### Work to be completed:
The whole listing that follows, pictures excepted, should be printed again exactly as given.

### Supplied material:

┌──

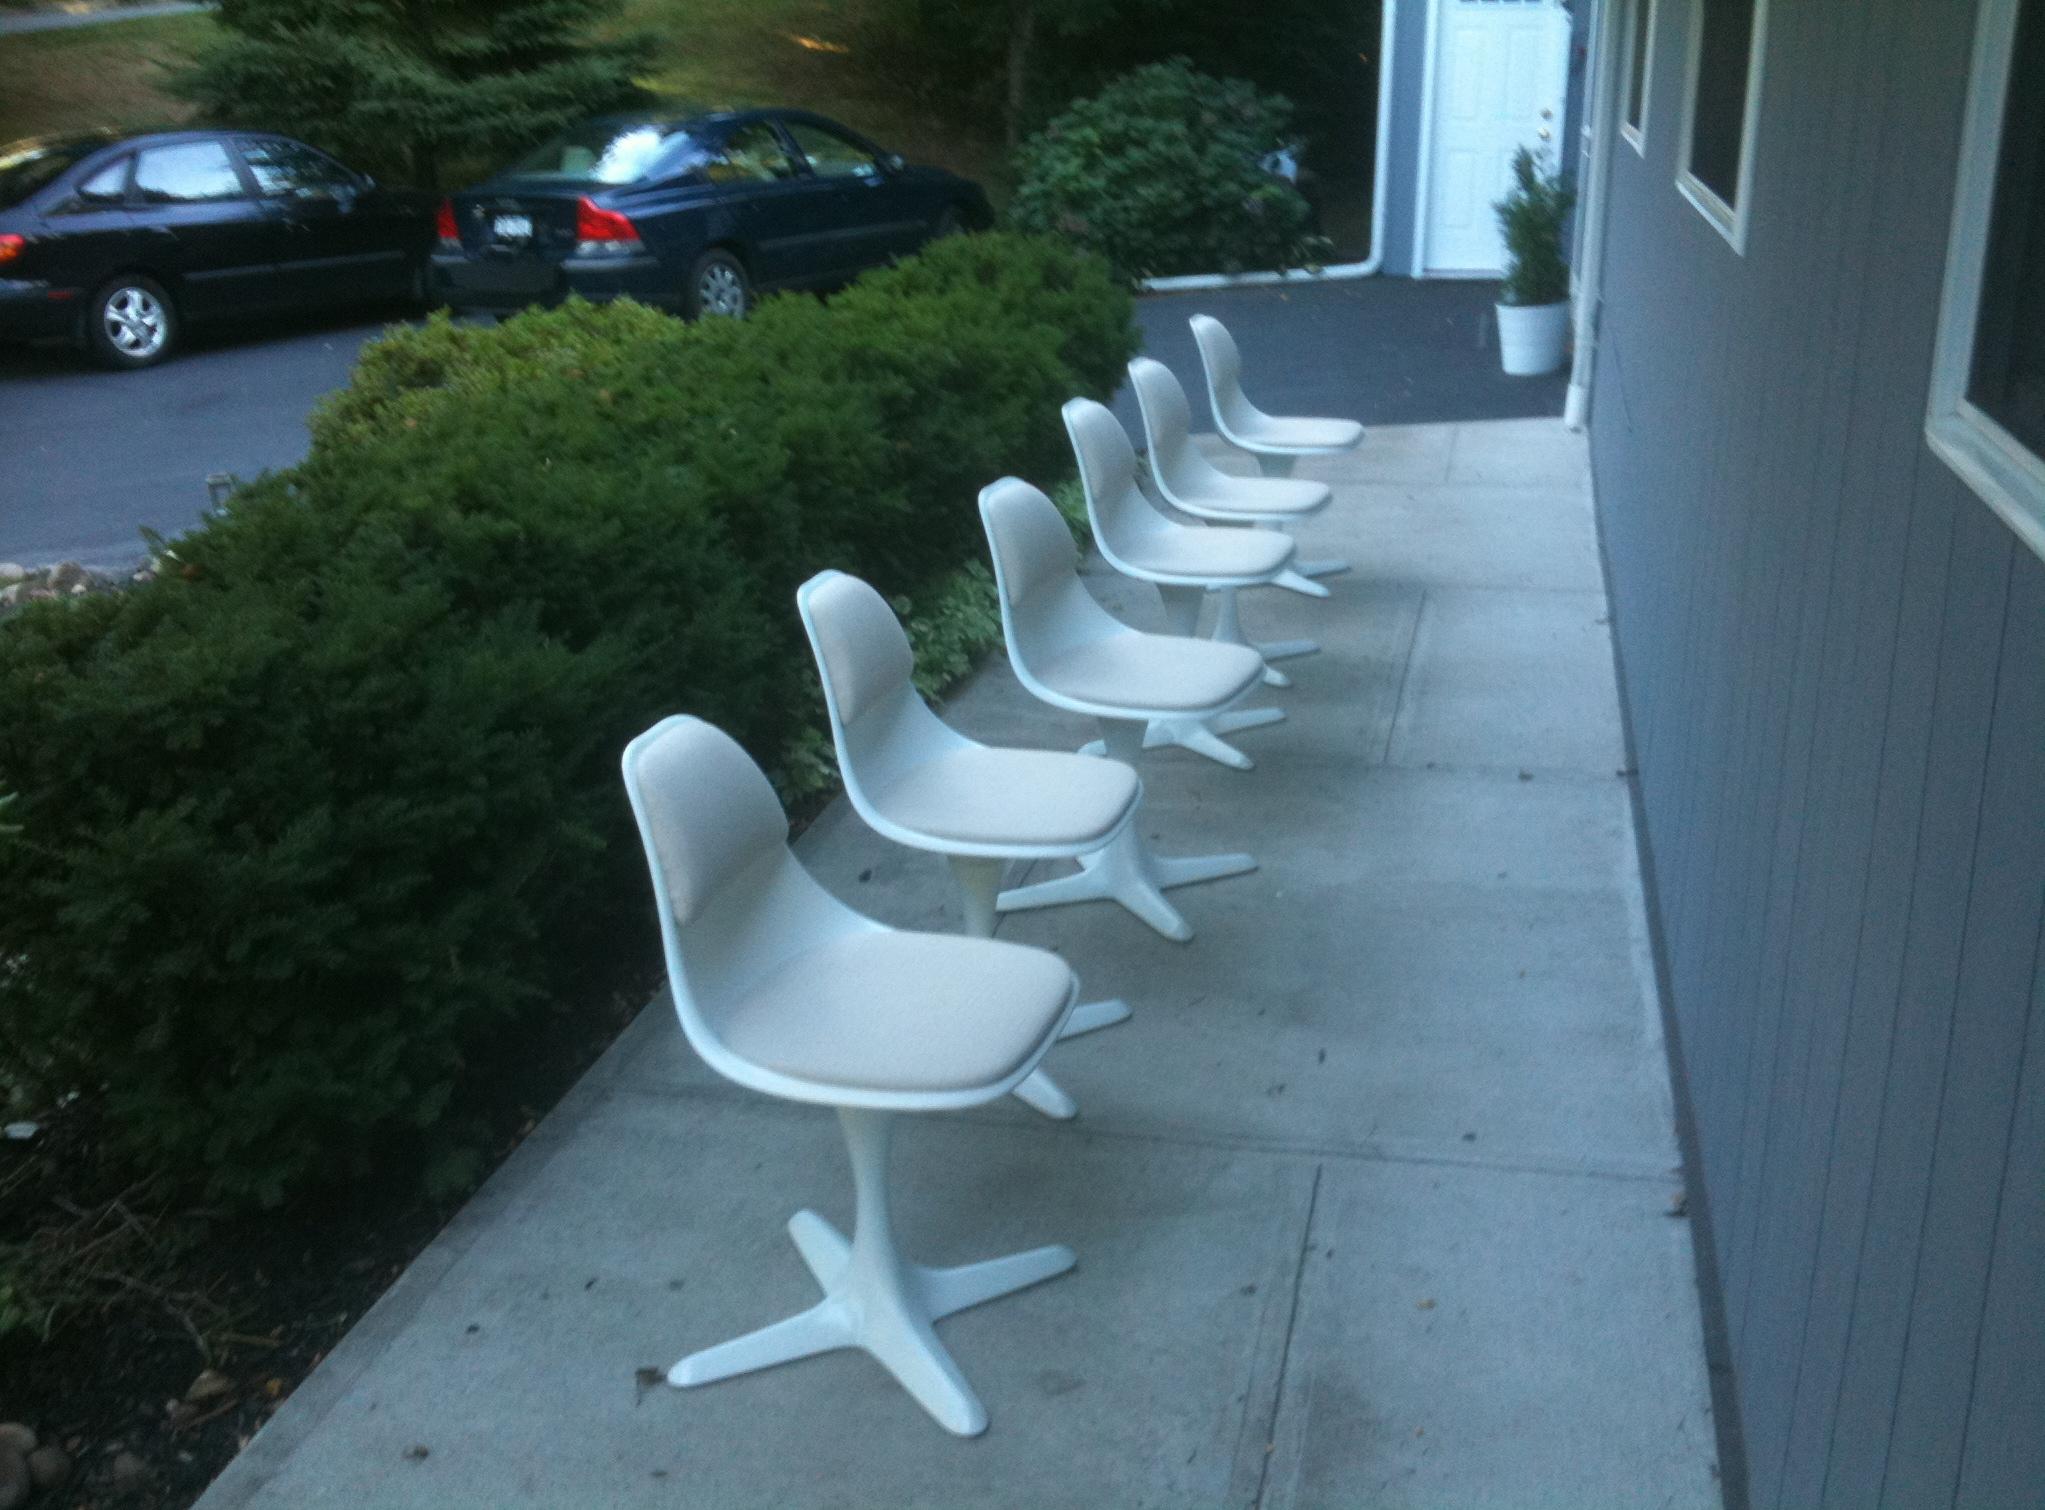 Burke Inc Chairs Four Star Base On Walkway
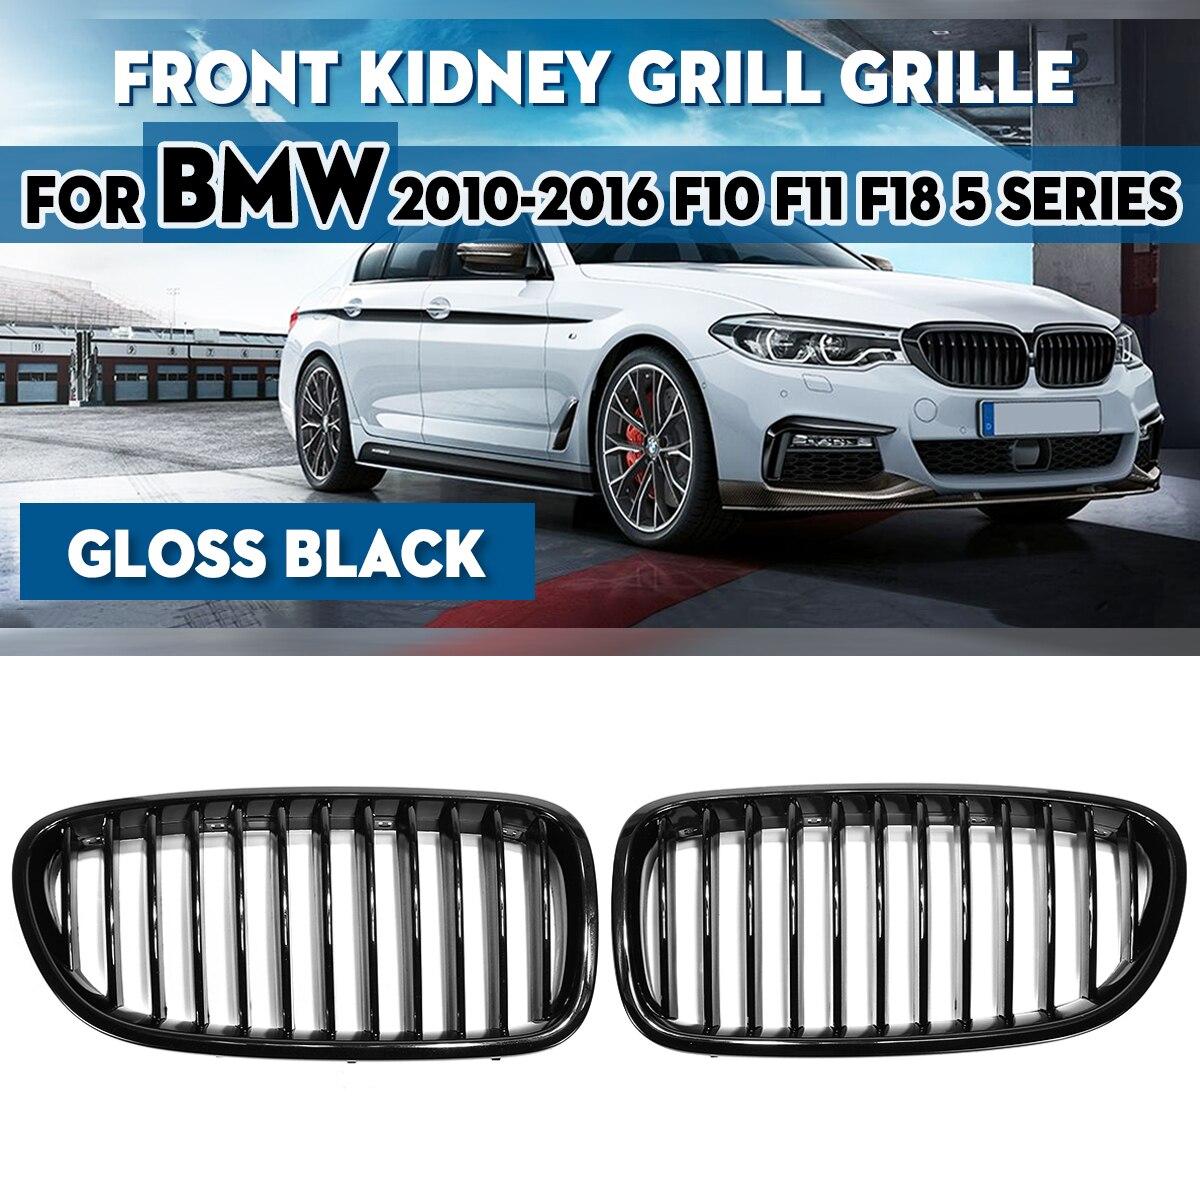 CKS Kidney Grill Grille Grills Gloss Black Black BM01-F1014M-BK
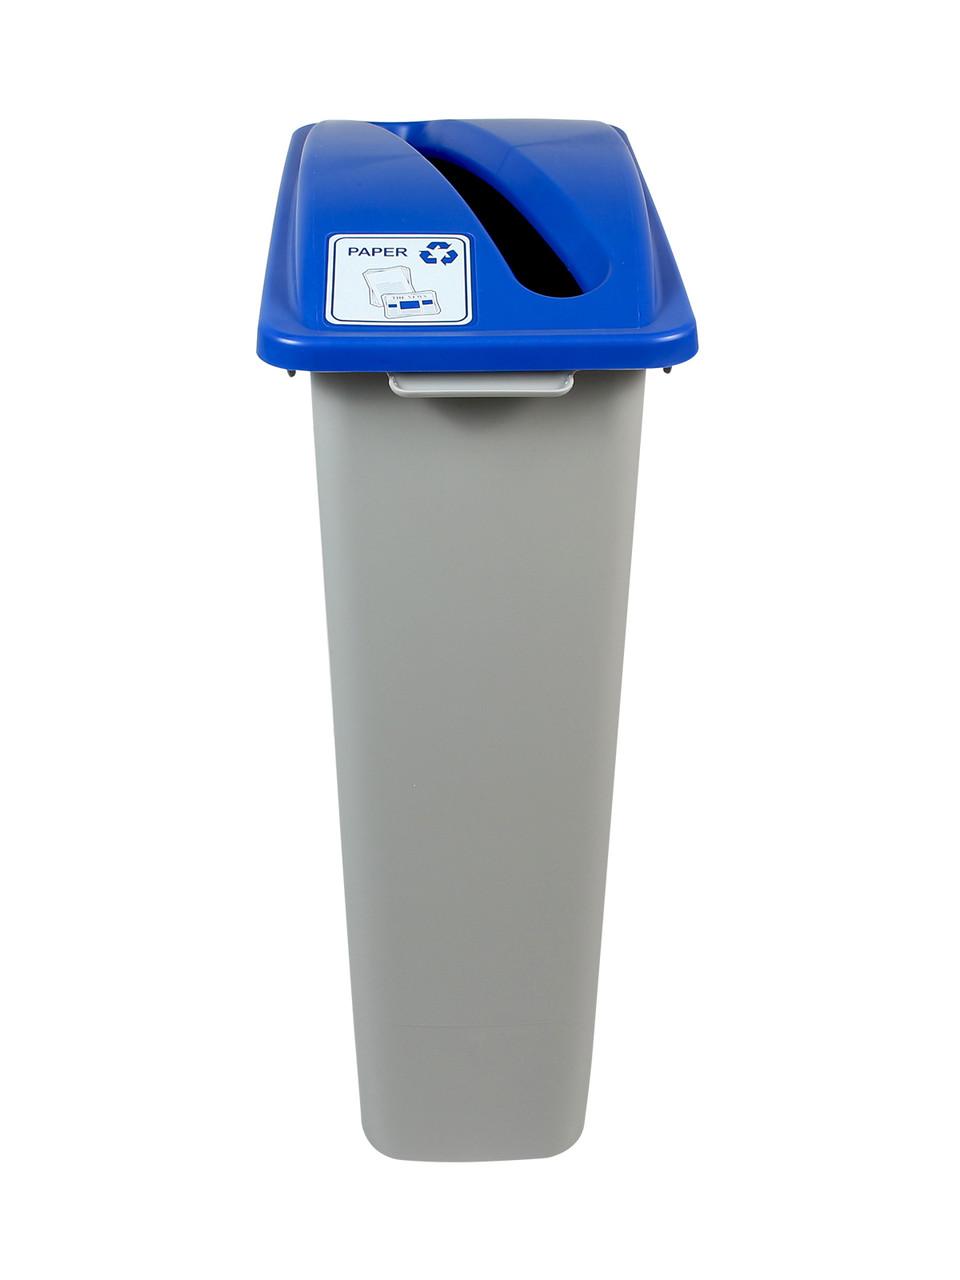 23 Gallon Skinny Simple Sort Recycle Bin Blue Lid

└──

### Response:
 Burke Inc Chairs Four Star Base On Walkway
 CKS Kidney Grill Grille Grills Gloss Black Black BM01-F1014M-BK
 23 Gallon Skinny Simple Sort Recycle Bin Blue Lid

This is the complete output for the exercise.